# Work to complete
Only the lines from the one that contains "19th century mahogany" through the last line of the data below should be duplicated, exactly and without pictures.

::: Supplied information :::

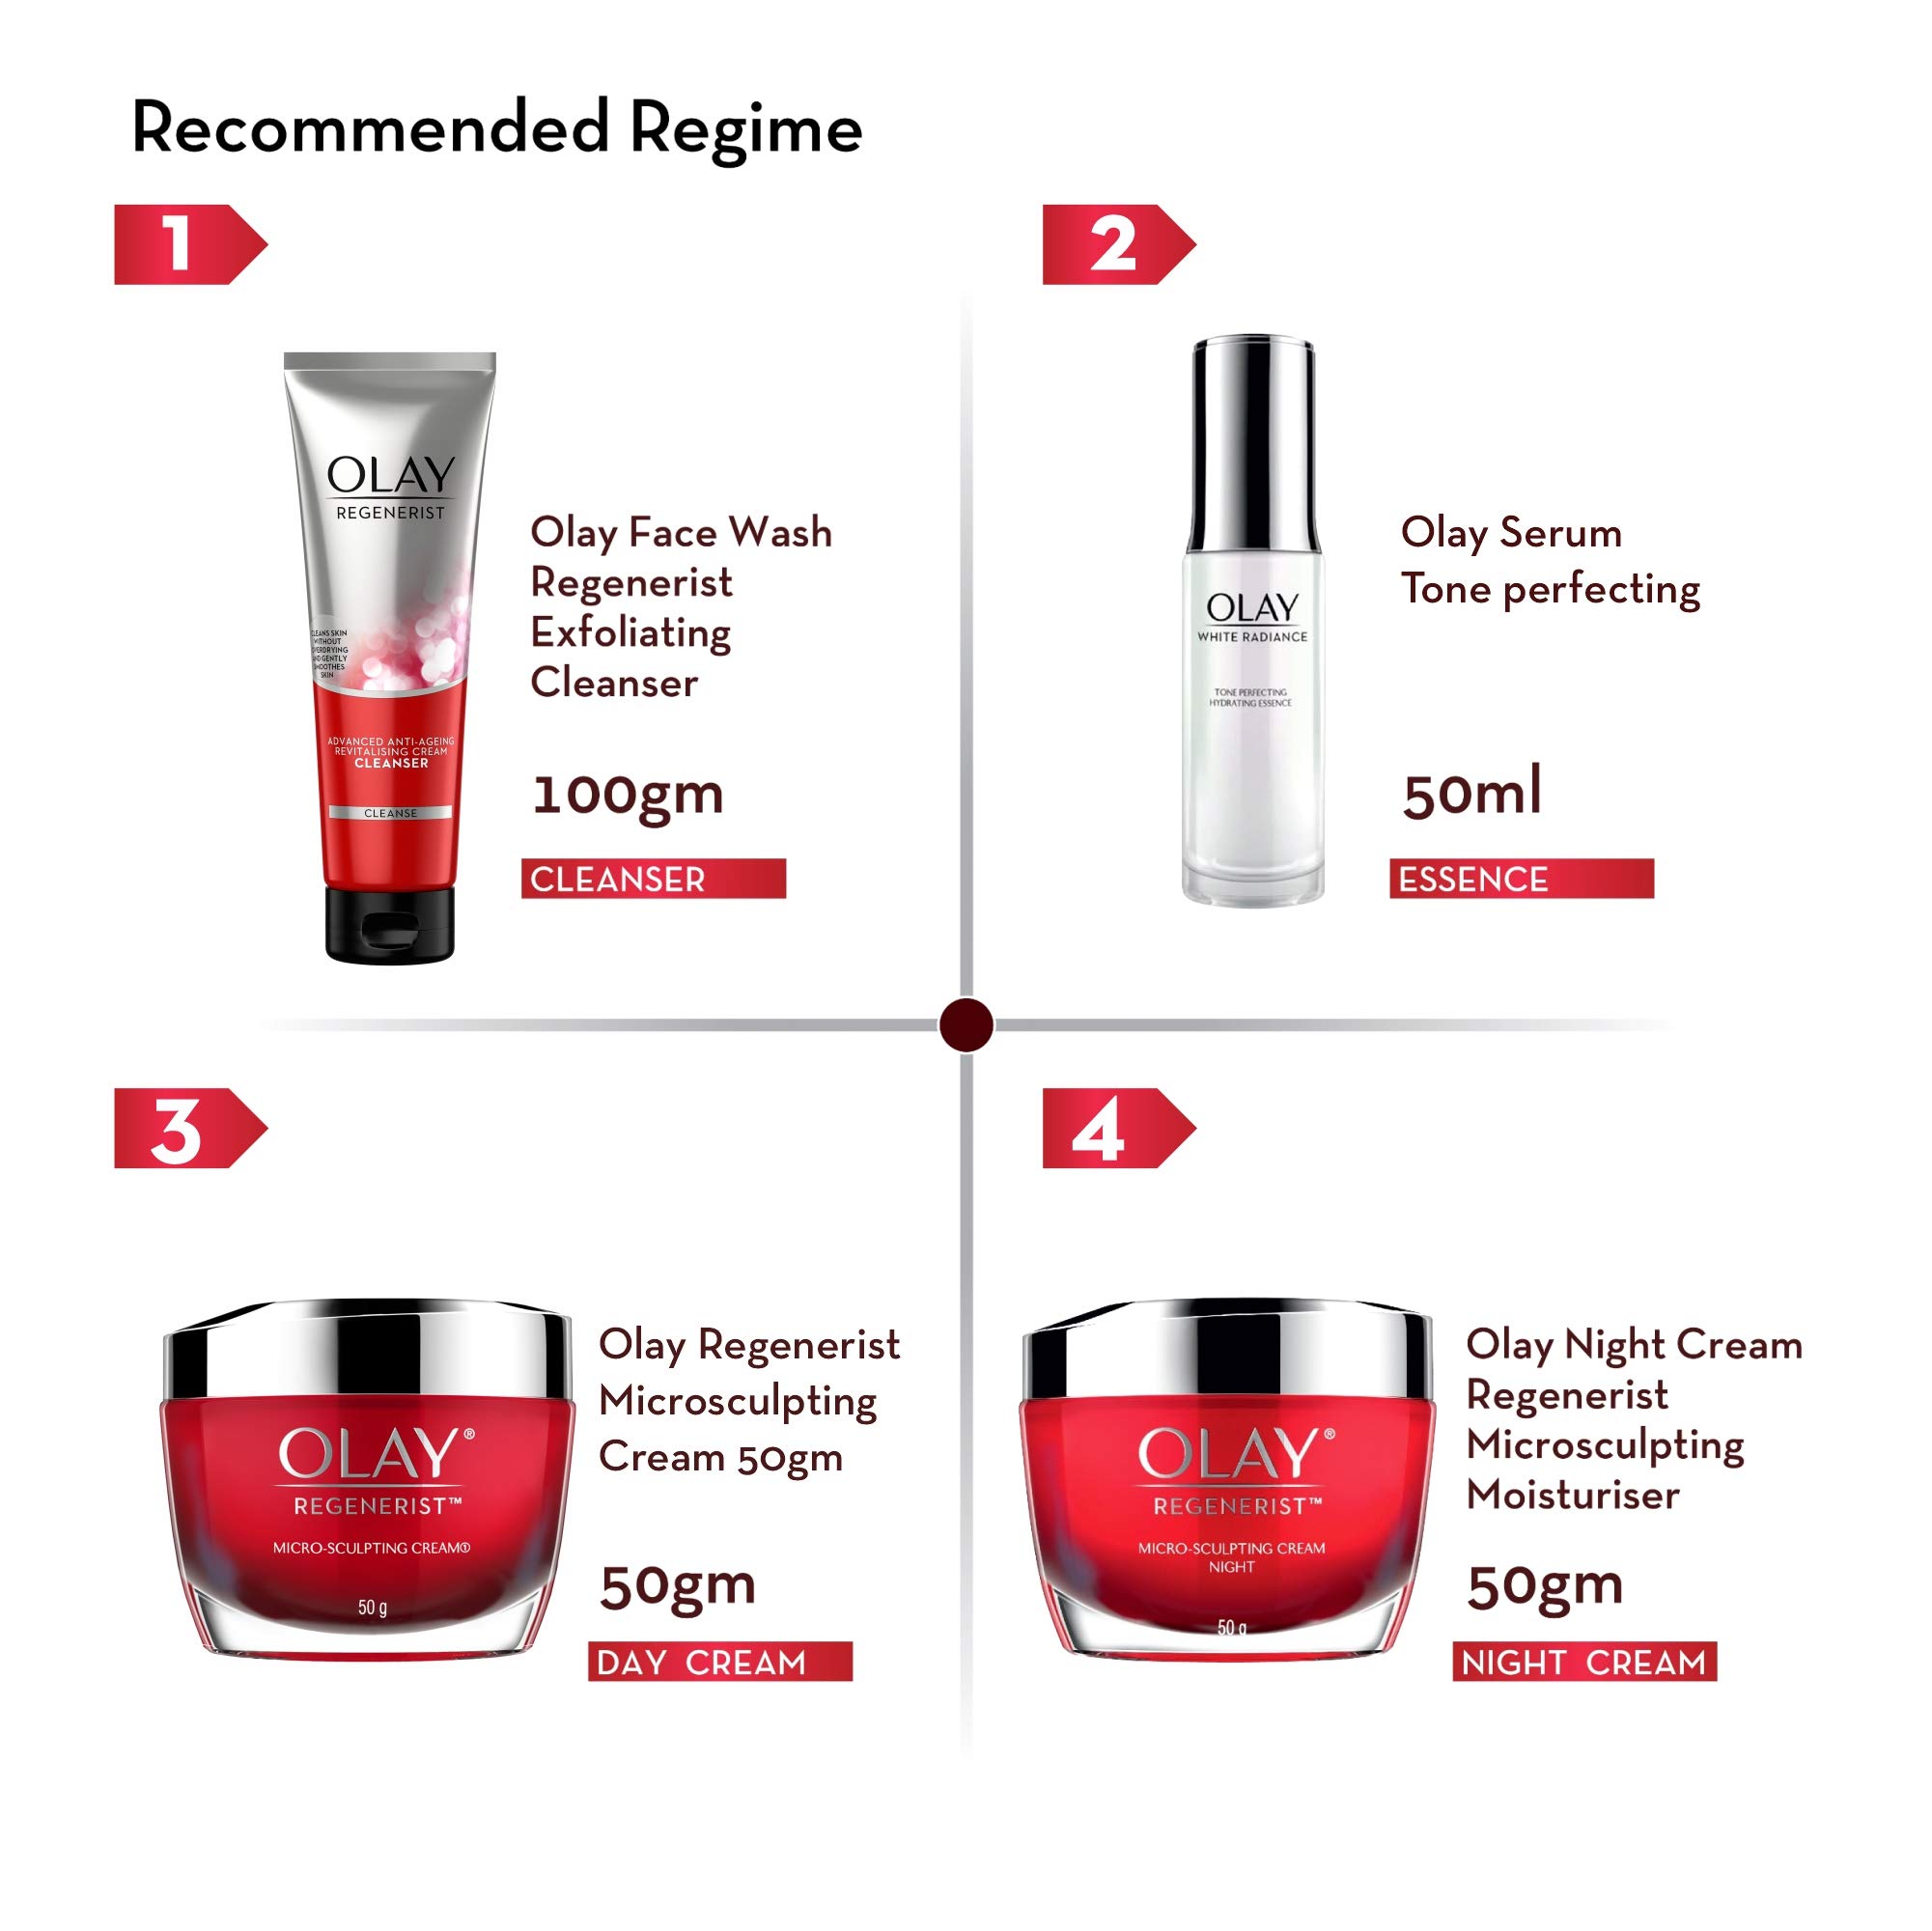 Olay Regenerist Microsculpting Day Cream in two items
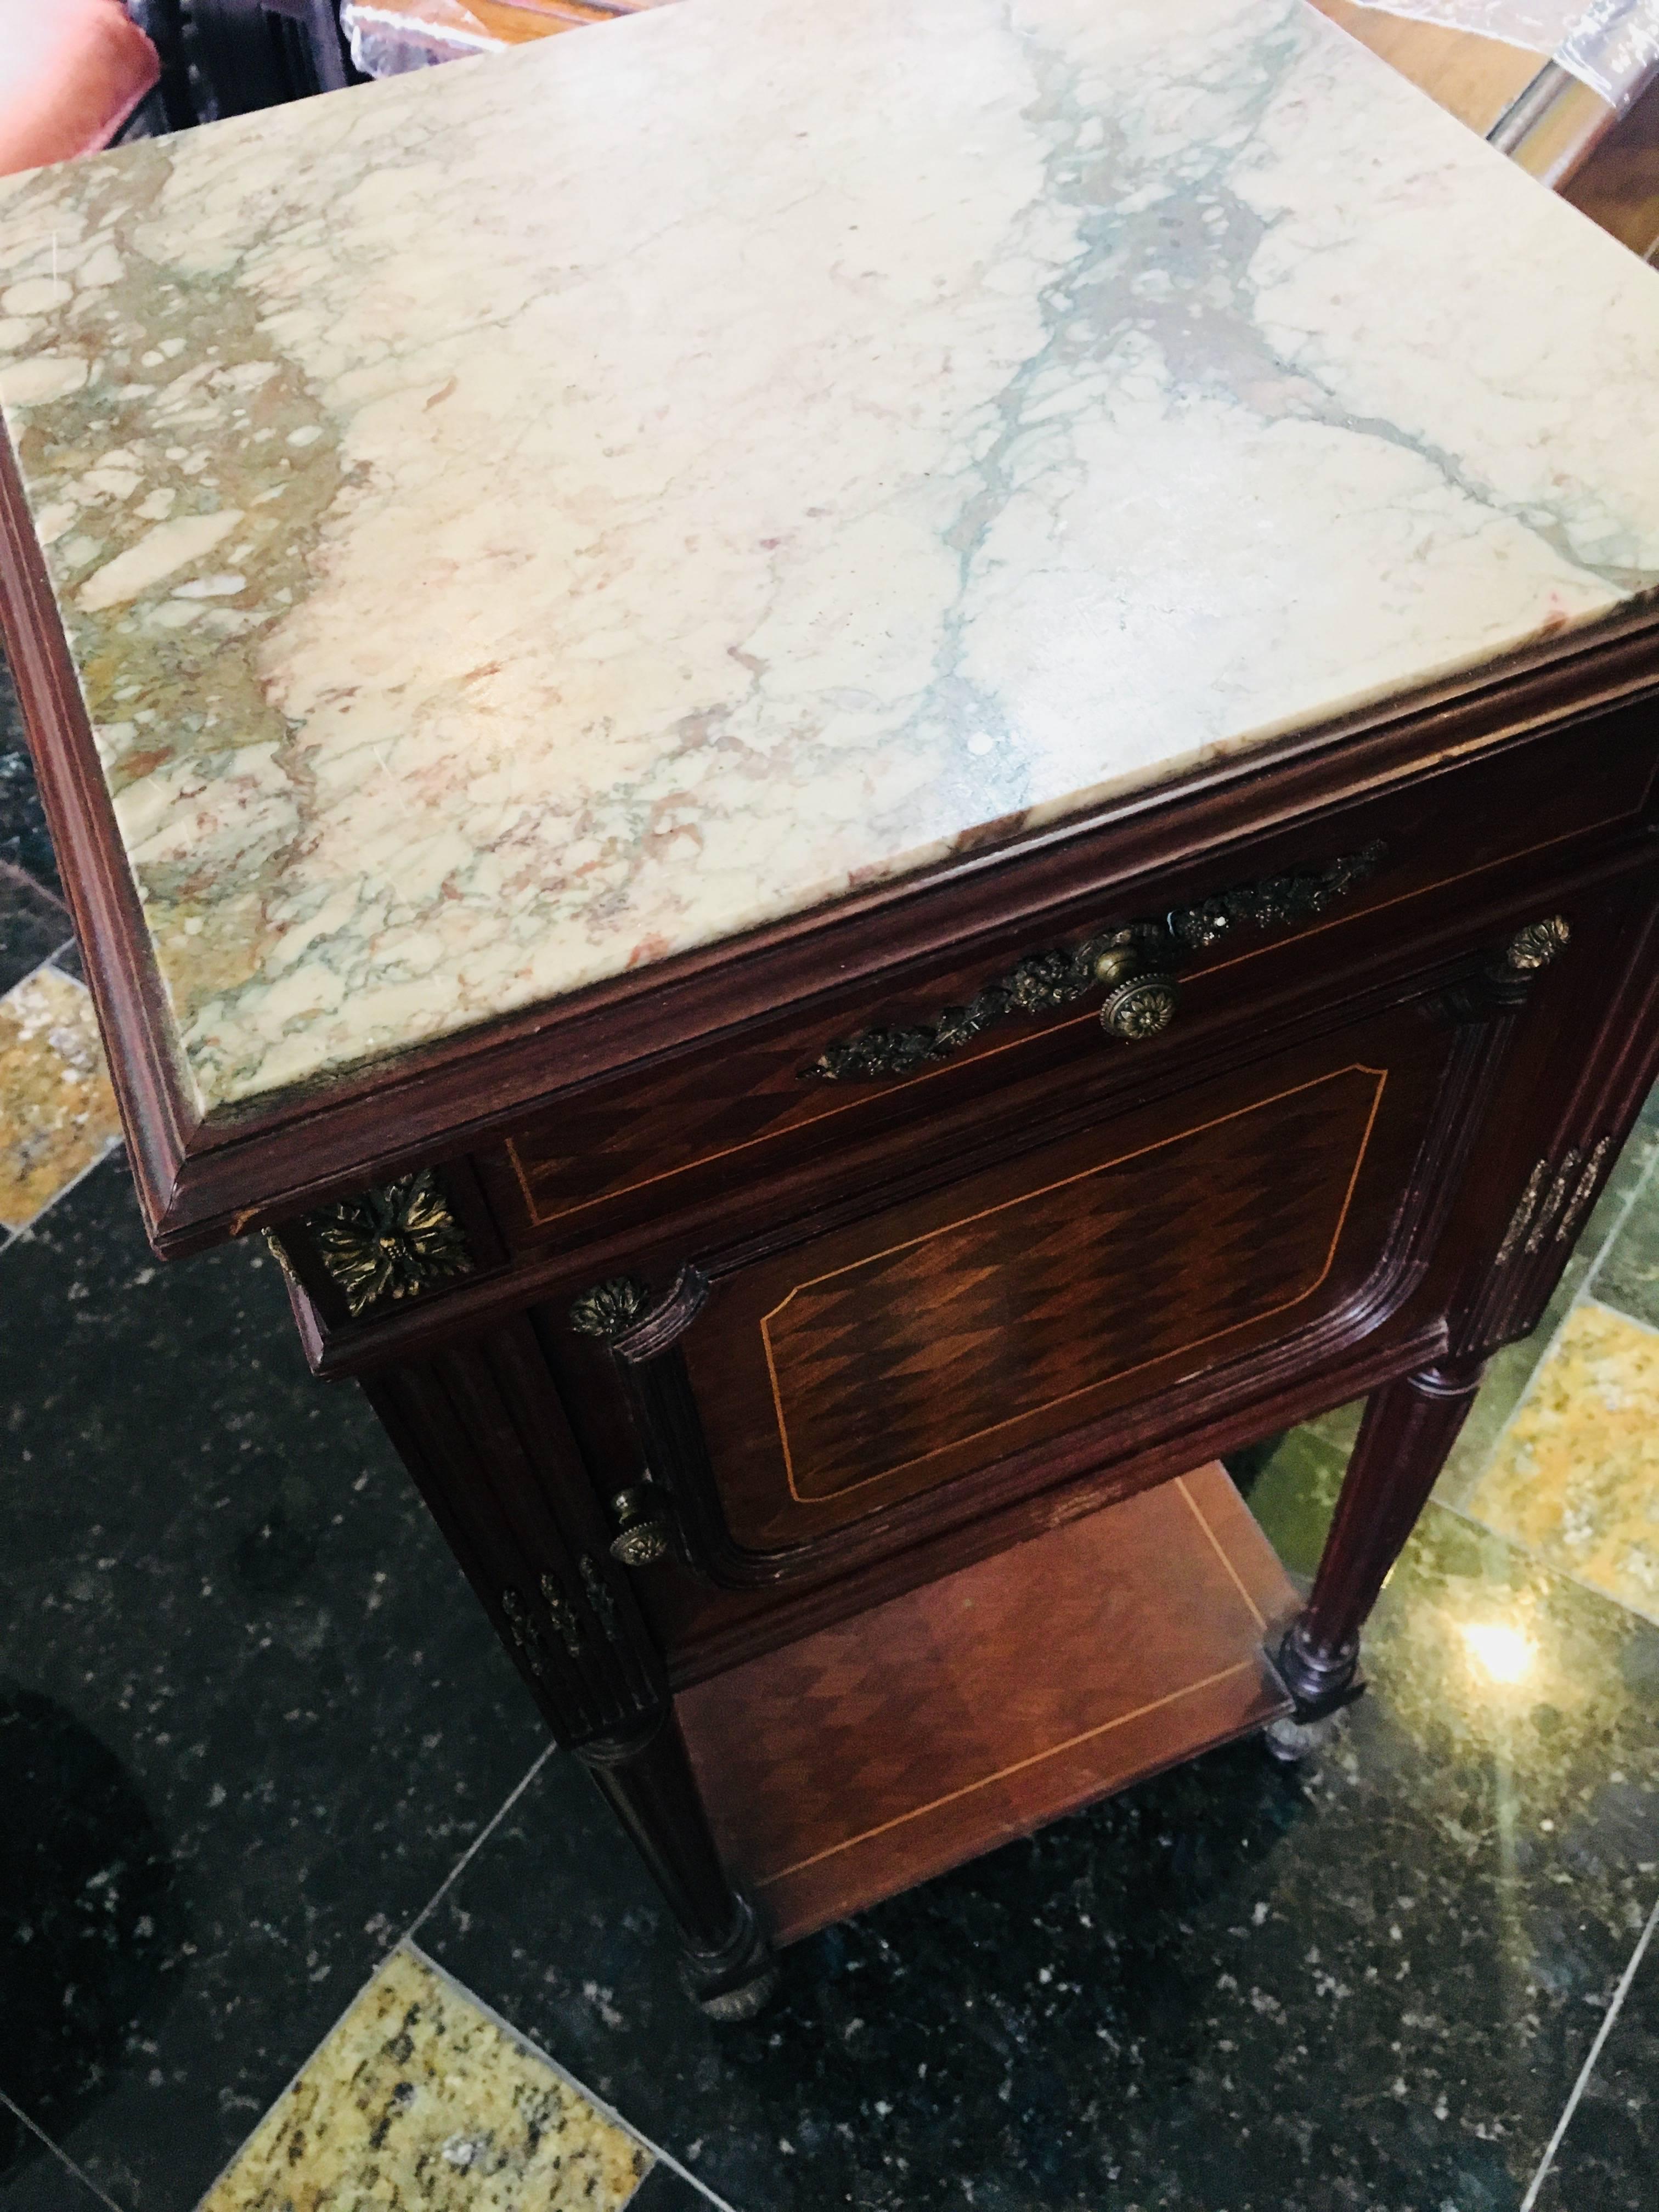 19th century mahogany marble-top nightstand with bronze decoration.
France, circa 1870.
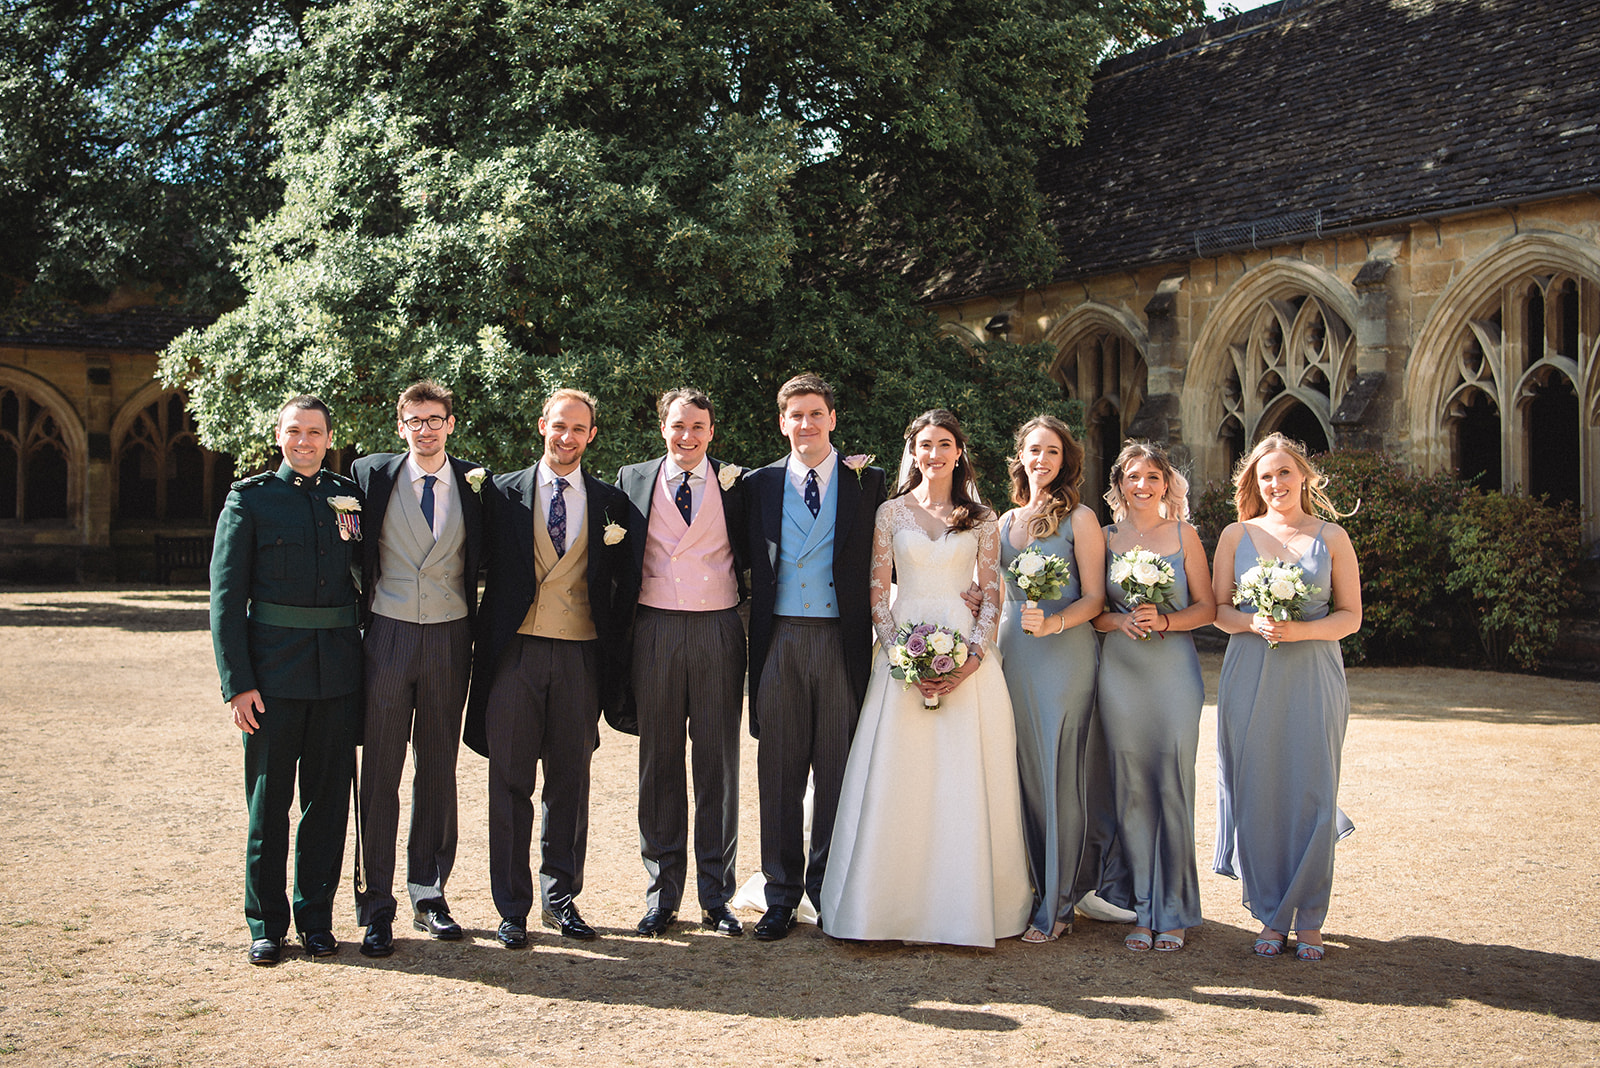 Beautiful portrait of Katherine and Damien with the groom's men and bride's maid outside the New College Chapel

:::

# Task output
 19th century mahogany marble-top nightstand with bronze decoration.
France, circa 1870.
 Beautiful portrait of Katherine and Damien with the groom's men and bride's maid outside the New College Chapel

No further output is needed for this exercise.